Hypothesise

An AI-Powered Operating System for Experimentation

A lot of product work lives in the gap between “I think there's a problem here” and “here's a test we can actually ship.” You notice something in the data, you have a hunch, and then it takes hours to turn that into something a developer can act on. Hypothesise is a tool I built to close that gap.

What it does

You feed it the inputs a product or growth team already has — a page URL, analytics data, heuristic notes, observations from session recordings — and it produces structured, developer-ready test briefs in minutes.

The workflow is: create an audit for a page, pull in metrics, add context through annotated screenshots and session notes, generate hypotheses. Claude looks at the full picture and returns ranked, evidence-backed test ideas. Approving one spits out a complete brief — control and variant descriptions, success metrics, dev notes, QA checklist — in a single click.

How it's built

Backend is FastAPI with all Claude API calls routed through a versioned prompt registry. Every prompt version is immutable once released and every generation is logged — which matters when the output is something people are actually shipping from. Frontend is Next.js with Tailwind, backed by Supabase for auth, database, and file storage. Screenshots are captured server-side via Playwright, and an annotation layer lets you drop pins on friction points before generation so the model has richer context to work from.

The prompt system is on its sixth iteration and is built on top of a few key frameworks — UX best practices, common interaction patterns, industry-specific conversion drivers, and design system guidelines.
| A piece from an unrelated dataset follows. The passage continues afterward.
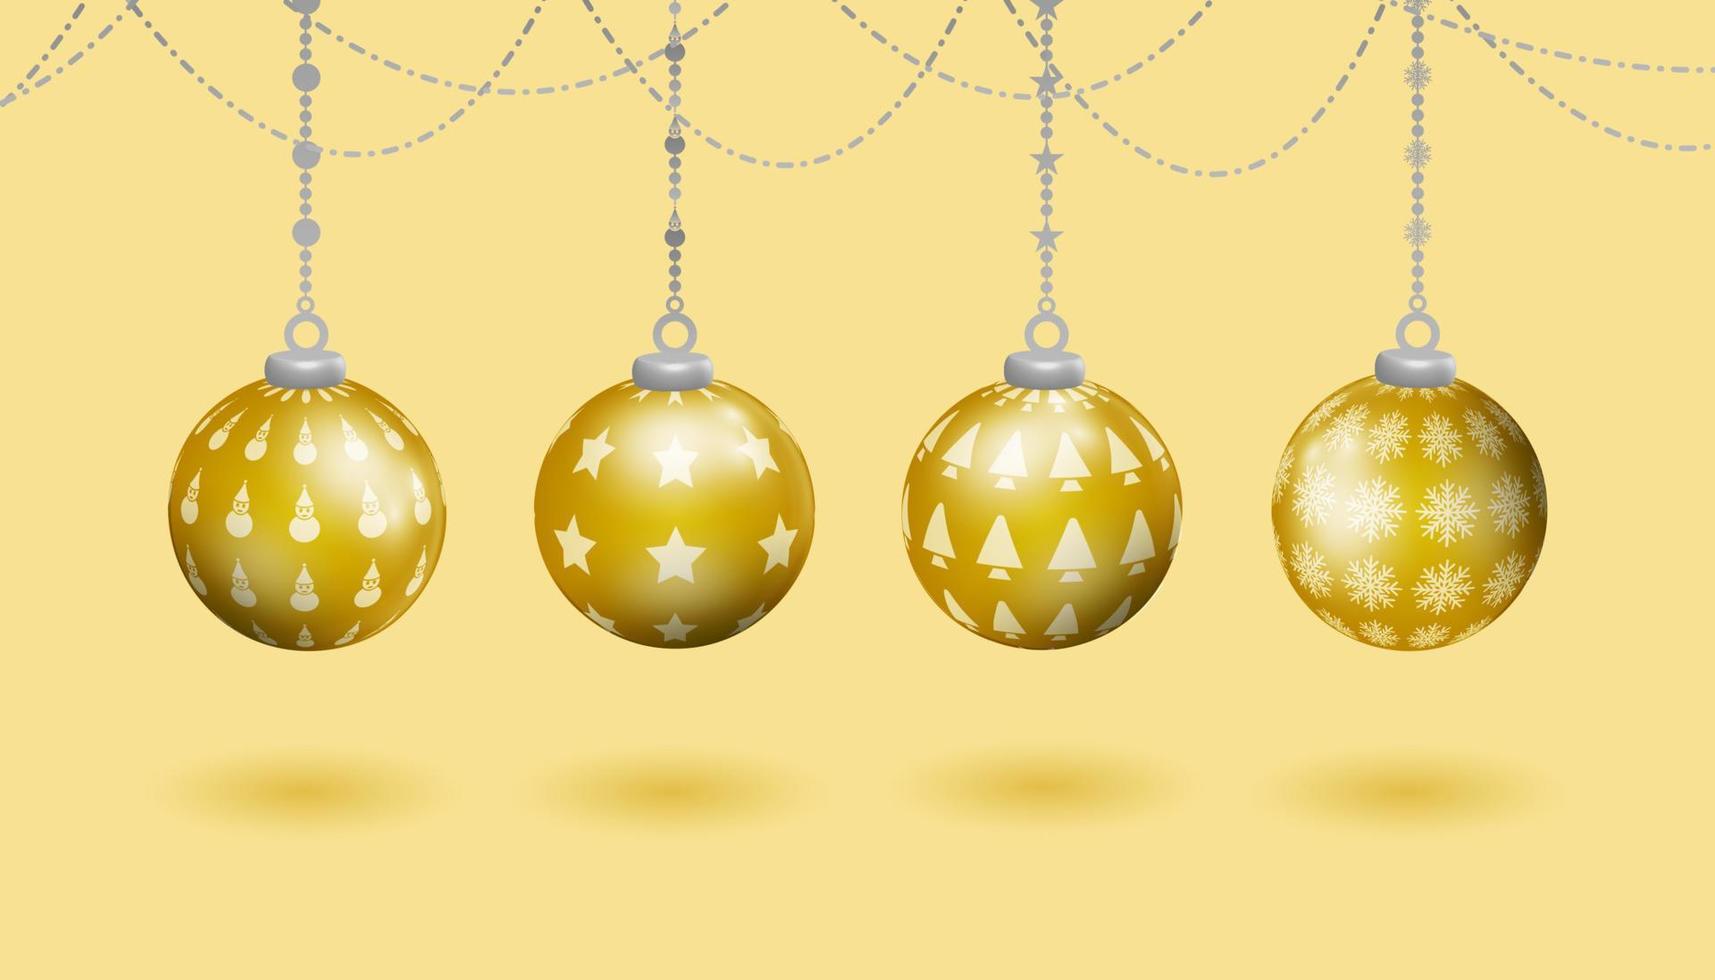 conjunto de decoração de natal de bola suspensa realista de ouro, com vários padrões de símbolos de natal, árvore de natal, boneco de neve, estrelas, flocos de neve vetor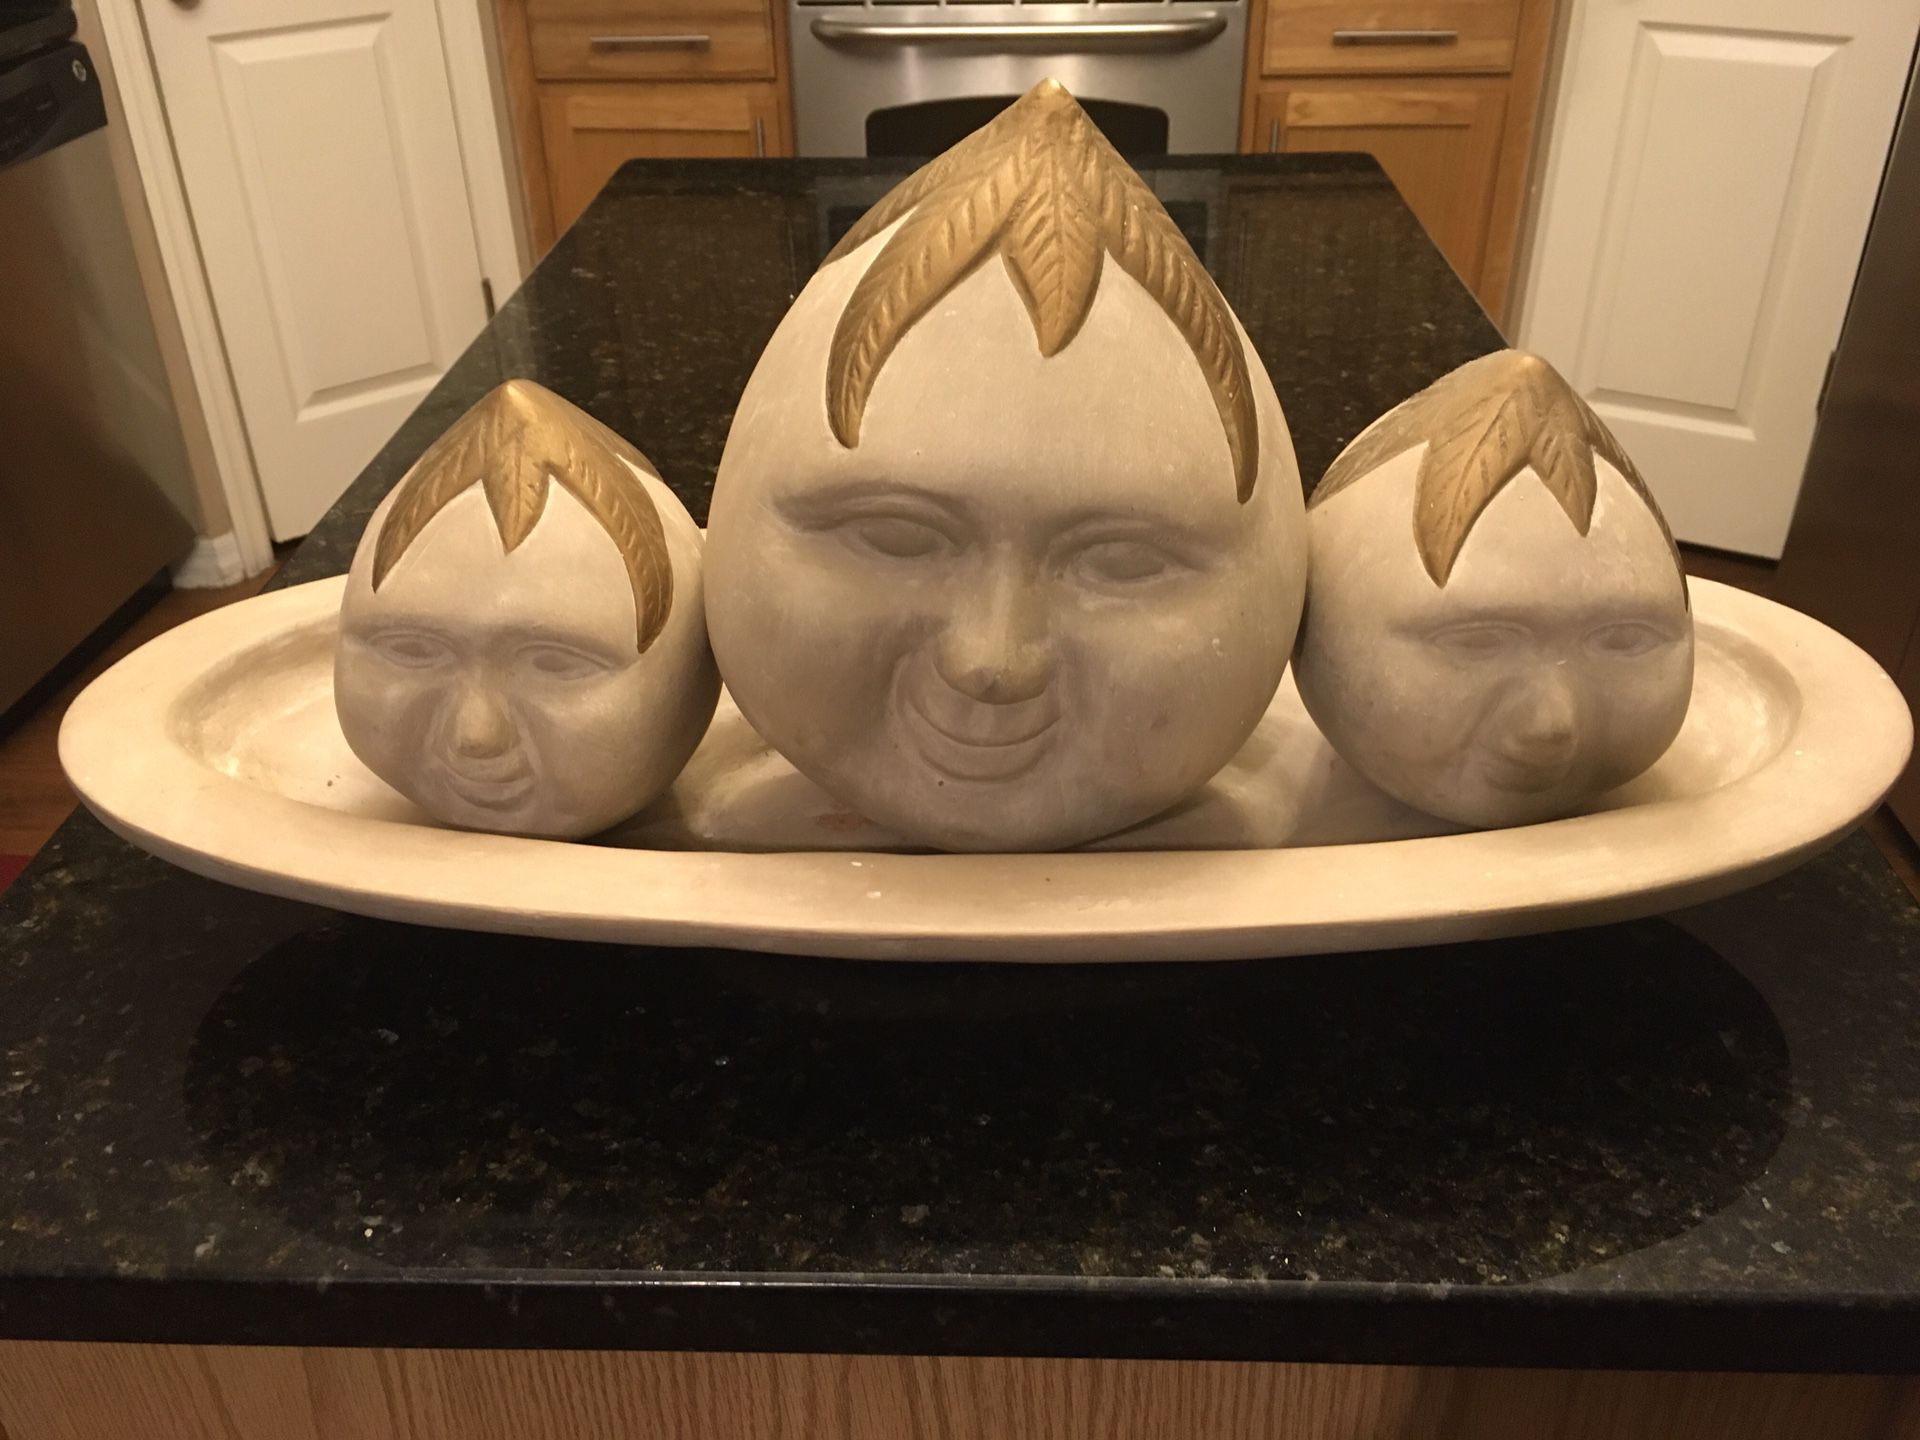 Unique heavy decorative pottery 3 faces/ heads on a platter

Version 6 added routing across 12 page types and an industry context block covering 18 verticals, so the model knows whether it's looking at a consumer checkout or a SaaS onboarding screen and can reason from the right set of assumptions.

01 — Audit

Create a page audit, pull in metrics, annotate screenshots and session notes.

02 — Hypotheses

Claude returns ranked, evidence-backed test ideas from the full picture.

03 — Test Brief

Approve one and get a complete brief — variants, metrics, dev notes, QA checklist.

04 — Results

Log outcomes back in. The tool builds institutional memory across every test.

Why I built it

Mostly to see if I could meaningfully improve my own experimentation work — better hypotheses, faster briefs, less time lost between spotting something and acting on it. So far the answer seems to be yes, which is making me think about what a more polished version of this could look like.

Where it's going

Current build covers audit creation, analytics integration, hypothesis generation, brief creation, and results logging. On the roadmap: workspace management and Jira and Linear integration for dev handoff.

The more interesting challenge right now is figuring out how to integrate something I've built for myself into an actual team workflow. That's probably a familiar problem for a lot of firms at the moment — existing processes are rigid, platforms are ingrained, and getting a new tool to sit alongside them without creating duplicative work is harder than it sounds. I'm working through the triggers, webhooks, and automations that would let information flow between systems rather than having to be entered twice. The goal is something that fits into how the team already works, not something that asks everyone to work differently.

The other thing this has made me think about is whether AI just requires work products to look different full stop. The output of a brief, a hypothesis, a handoff doc — the formats we've settled on weren't designed with any of this in mind. I'm going back and forth on whether the answer is format agnosticism or actually stricter, more structured formats that models can reason from reliably. Haven't landed anywhere yet, but it's the thing I'm thinking about most.